Scaling Law of Large Sequential Recommendation Models

Scaling of neural networks has recently shown great potential to improve the model capacity in various fields. Specifically, model performance has a power-law relationship with model size or data size, which provides important guidance for the development of large-scale models. However, there is still limited understanding on the scaling effect of user behavior models in recommender systems, where the unique data characteristics (e.g. data scarcity and sparsity) pose new challenges to explore the scaling effect in recommendation tasks. In this work, we focus on investigating the scaling laws in large sequential recommendation models. Specially, we consider a pure ID-based task formulation, where the interaction history of a user is formatted as a chronological sequence of item IDs. We don't incorporate any side information (e.g. item text), because we would like to explore how scaling law holds from the perspective of user behavior. With specially improved strategies, we scale up the model size to 0.8B parameters, making it feasible to explore the scaling effect in a diverse range of model sizes. As the major findings, we empirically show that scaling law still holds for these trained models, even in data-constrained scenarios. We then fit the curve for scaling law, and successfully predict the test loss of the two largest tested model scales. Furthermore, we examine the performance advantage of scaling effect on five challenging recommendation tasks, considering the unique issues (e.g. cold start, robustness, long-term preference) in recommender systems.

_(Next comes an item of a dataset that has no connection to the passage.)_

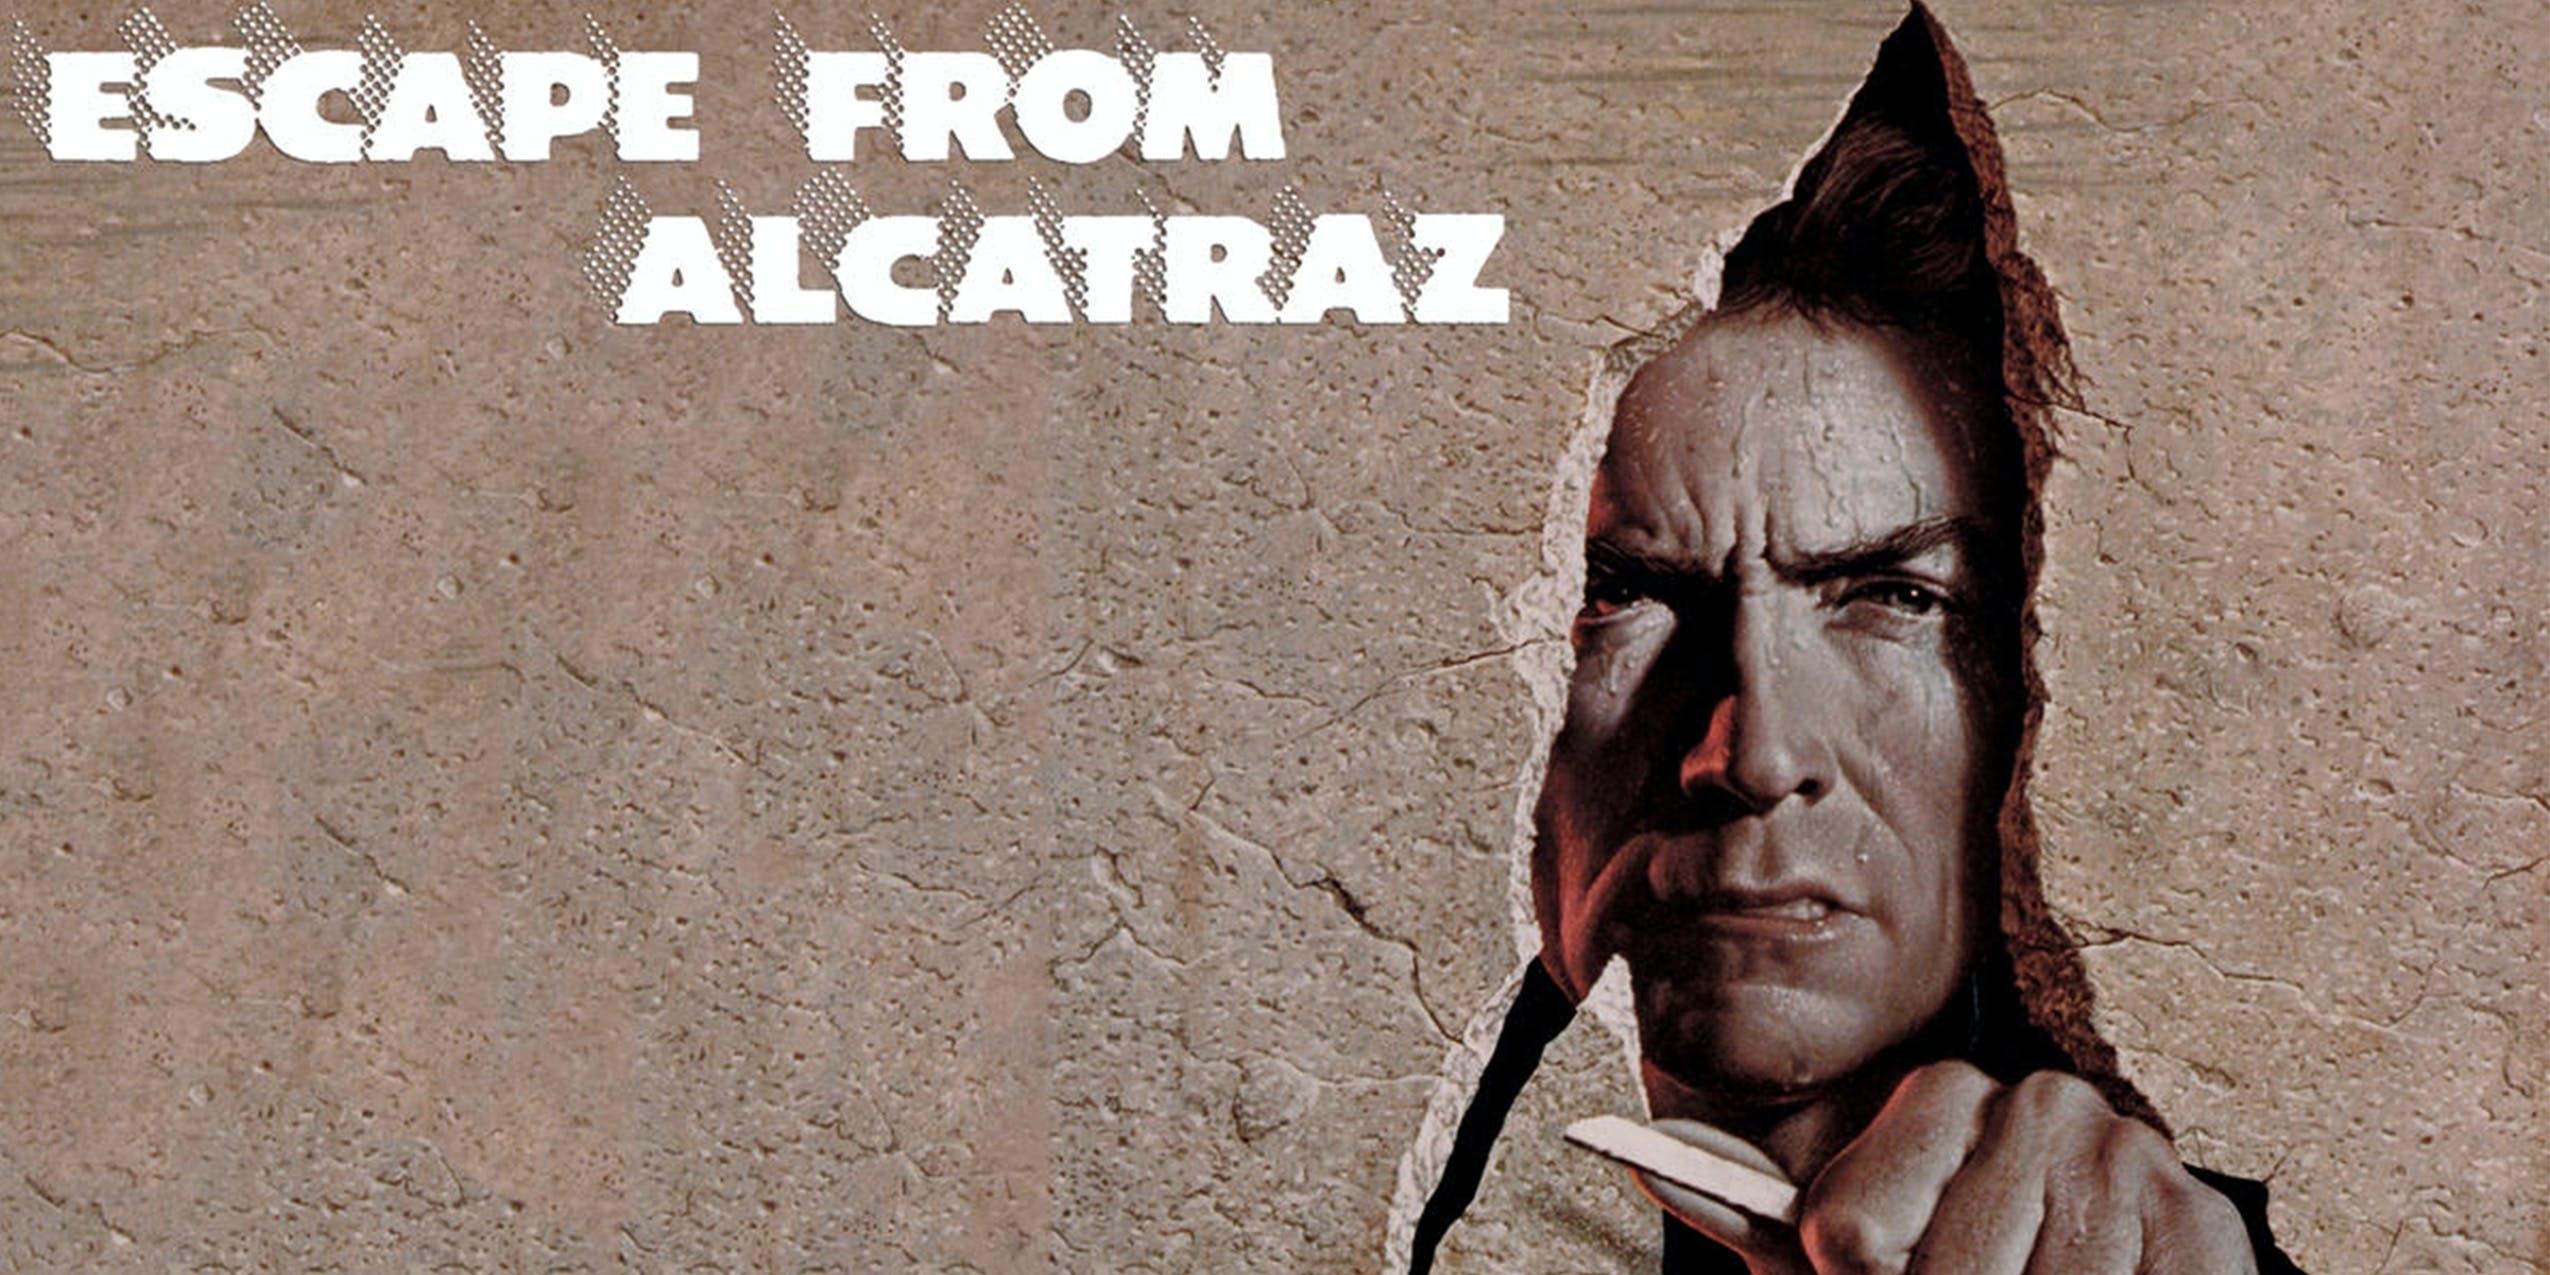 escape from Alcatraz hulu classic movies

We find that scaling up the model size can greatly boost the performance on these challenging tasks, which again verifies the benefits of large recommendation models.

翻译：神经网络的缩放效应近期在多个领域展现出提升模型容量的巨大潜力。具体而言，模型性能与模型规模或数据规模呈幂律关系，这为大规模模型的发展提供了重要指导。然而，在推荐系统中，用户行为模型的缩放效应仍缺乏深入理解，其独特的数据特征（如数据稀缺性和稀疏性）为探索推荐任务中的缩放效应带来了新挑战。本研究聚焦于探究大型序列推荐模型中的缩放定律。特别地，我们采用纯ID驱动的任务形式，将用户交互历史建模为按时间顺序排列的商品ID序列。为从用户行为视角探究缩放定律的成立机制，我们未引入任何辅助信息（如商品文本）。通过专门设计的改进策略，我们将模型参数量扩展至8亿，使其能在多样化的模型规模范围内探索缩放效应。核心发现表明：即使在数据受限场景下，缩放定律对这些训练模型依然成立。我们进一步拟合缩放定律曲线，并成功预测了两种最大测试模型规模的测试损失。此外，针对推荐系统中的独特挑战（如冷启动、鲁棒性、长期偏好），我们在五项具有挑战性的推荐任务中检验了缩放效应的性能优势。研究表明，扩展模型规模可显著提升这些困难任务的性能，再次验证了大型推荐模型的优越性。